Pauline, Mathilde, Delphine, Magali et Valérie se lance le défi de gravir le Kilimandjaro.

Elles s’appellent Pauline, Mathilde, Delphine, Magali et Valérie. Elles sont vosgiennes, mères de familles et surtout femmes actives. Et elles ont décidé de se lancer le défi un peu fou de gravir le Kilimandjaro. Rencontre avec Magali Tenette, instigatrice du projet.

Comment avez-vous eu l’idée de lancer ce projet ?

Magali Tenette Je suis psychologue libérale et consultante pour le cabinet A2C (Accompagnement, Conseil et Coaching) que j’ai co-fondé. Nous développons, notamment, le bien-être au travail. Dans ce cadre, j’ai rencontré des femmes qui m’ont donné envie de monter un projet collectif, pour apprendre à dépasser ses limites tout en respectant son rythme de vie. J’ai donc recherché un défi collectif et j’ai pensé que l’ascension du Kilimandjaro (Tanzanie) serait une belle idée. L’objectif est d’apprendre à se connaître, d’échanger, de s’organiser, de se donner les moyens de réussir, de se préparer ensemble.

Avez-vous déjà réalisé ce genre de défi ?

M. T.  Pas vraiment mais j’ai un Brevet d’État d’accompagnateur en montagne et j’organise depuis 10 ans des balades sur le massif sur le thème de la sophrologie et du ressourcement. Depuis 8 ans, j’accompagne des personnes qui ont besoin de soutien pour faire face à différents types de situations personnelles, professionnelles et sportives.

Comment vous êtes-vous préparées ?

M. T. – J’ai proposé de faire tout l’été trois sorties hebdomadaires : footing le lundi, rando-course le mercredi et randonnées pédestres dans le massif des Vosges.
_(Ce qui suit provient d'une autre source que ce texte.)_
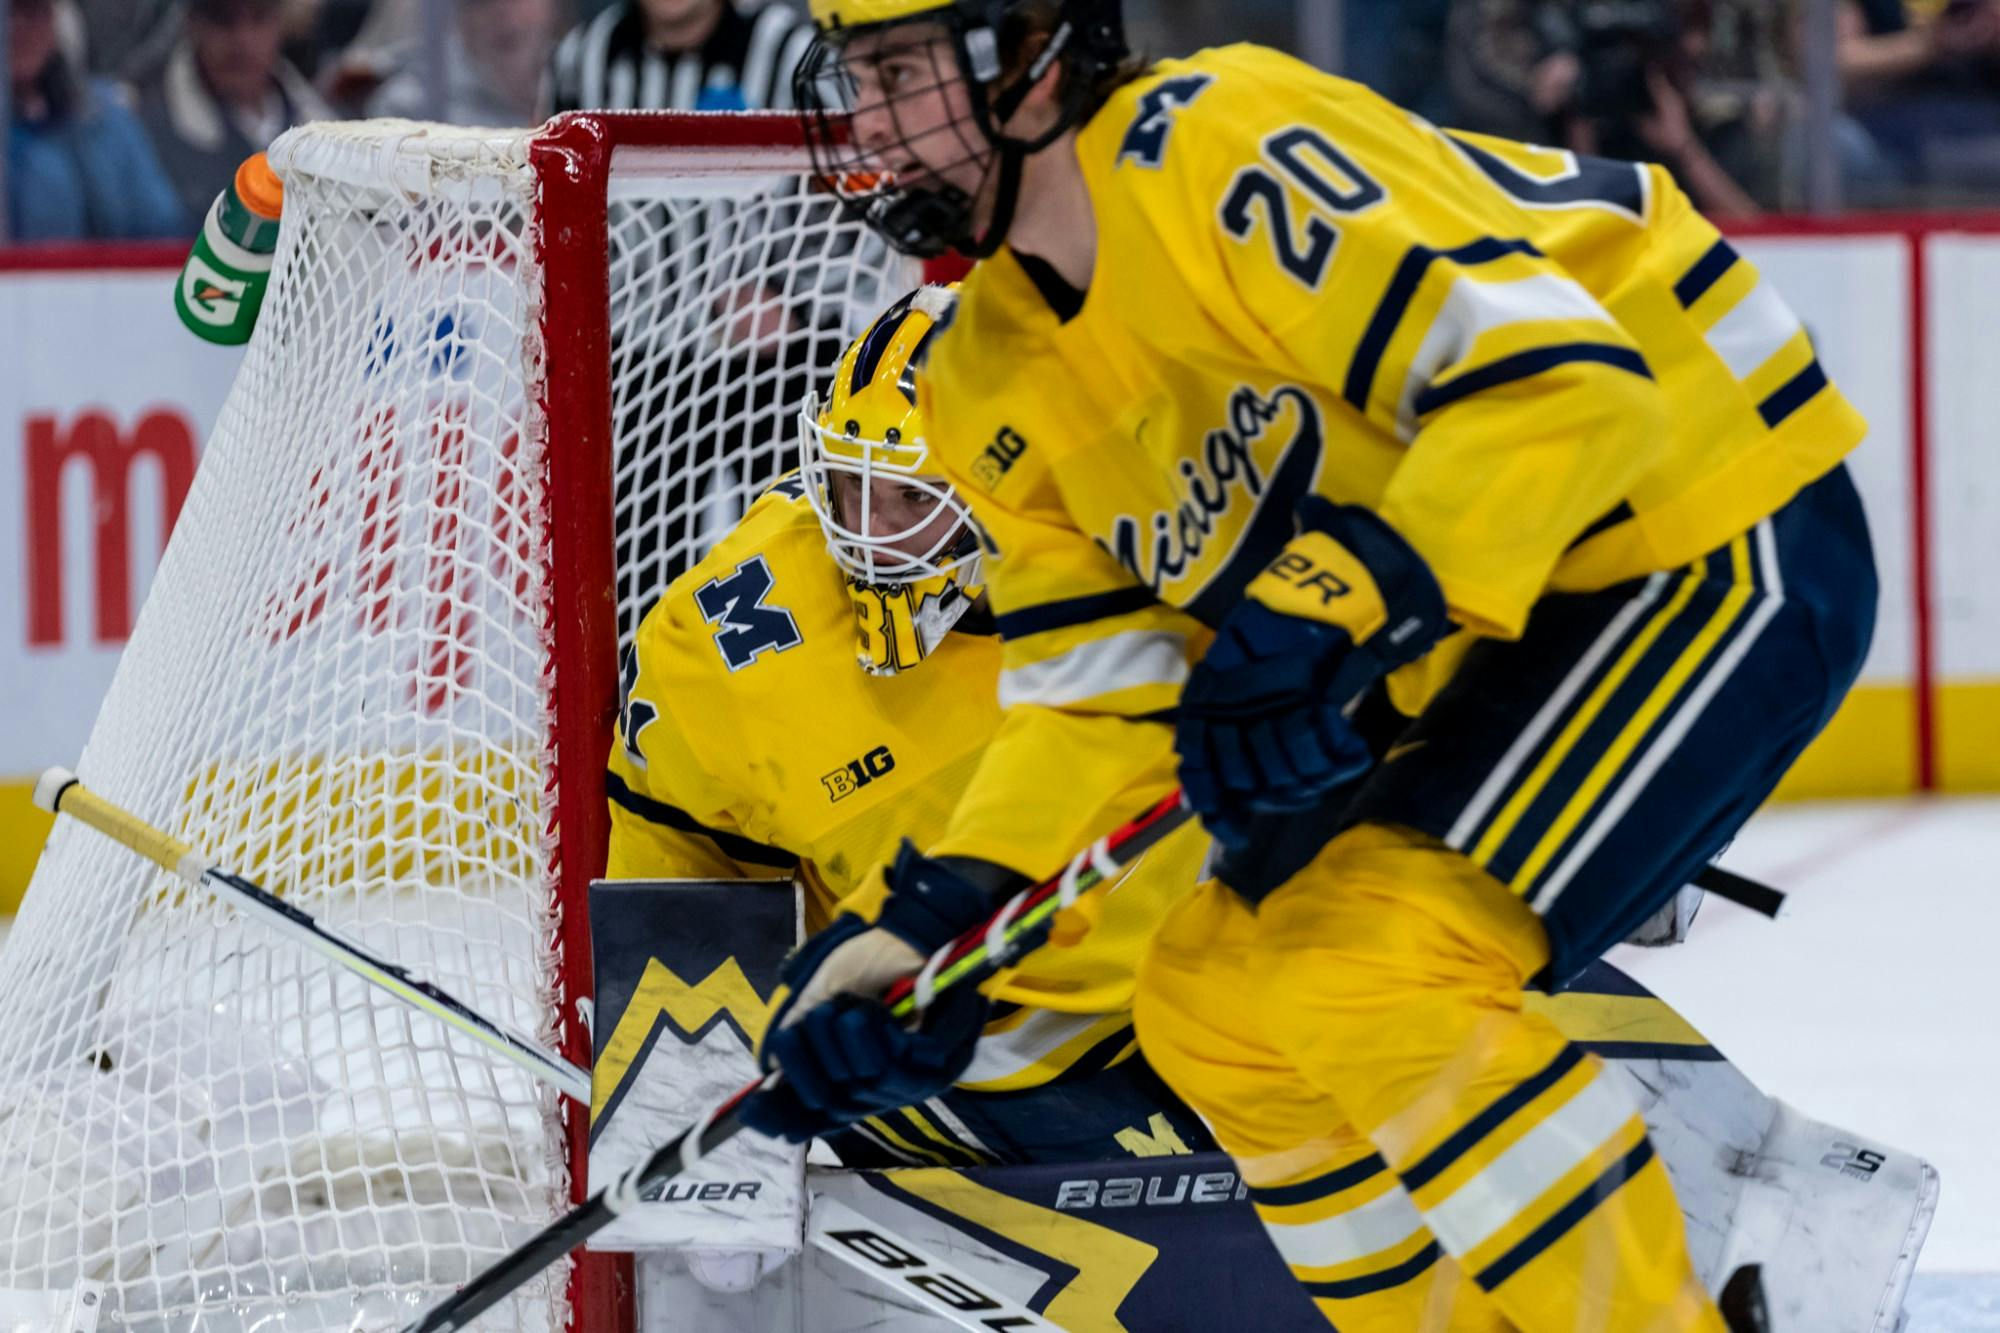 Michigan goaltender Strauss Mann (left) watches the puck in the corner. The Spartans fell to the Wolverines, 1-4, at Little Caesars Arena on February 17, 2020.

Nous venons de finir la préparation par 3 jours à Chamonix, avec une nuit au refuge Torino (voir photo) pour s’acclimater à l’altitude (3 375 m) et une initiation à l’Alpinisme sur le Massif du Mont-Blanc. Par ailleurs, nous avons passé les tests d’hypoxie au CHU de Brabois, pour mesurer notre aptitude à la haute altitude, avec un traitement préventif si besoin.

Quel est le but de ce challenge ?

M. T. – Nous recherchons une expérience humaine et l’occasion de s’offrir un temps pour nous, correspondant à un objectif de vie propre à chacune.

Comment avez-vous sélectionné les participantes ?

M. T. – Aucune ne se connaissait personnellement. Je les ai réunies chez moi pour présenter le projet et elles ont toutes les 4 adhérées. Leur point commun : engagées, déterminées, agréables, coopératives, fortes mentalement, sociables, énergiques, simples, rigoureuses, ouvertes d’esprit et douces.

Comment s’organisera votre périple en quelques mots ?

M. T. Nous partons de Zurich le 28 septembre* où nous attendent 6 jours d’ascension avec un guide locale et son staff. Des journées où nous parcourrons entre 7 et 20 km, avec des dénivelés très importants donc l’endurance sera importante. Ensuite, nous aurons 2 jours de safari, pour la détente, avant le retour prévu le 9 octobre.

Est-ce un défi qui pourrait en amener d’autres ?

M. T. – Un lien privilégié s’est créé entre nous 5 et nous pourrions envisager de se défier sur un trek en autonomie, par exemple. Je travaille déjà sur un autre séjour l’année prochaine. Un tout autre projet en Mongolie qui serait orienté « rando sophro » dans les Steppes. Ça s’adressera plus à des personnes qui ont envie de prendre du temps pour elles au travers de la relaxation et la découverte d’autres civilisations et cultures. Pour plus d’informations, il suffit de visiter ces sites : www.psychosophro.fr et www.a2c-bilan-coaching.fr.

*Propos recueillis quelques jours avant leur départ.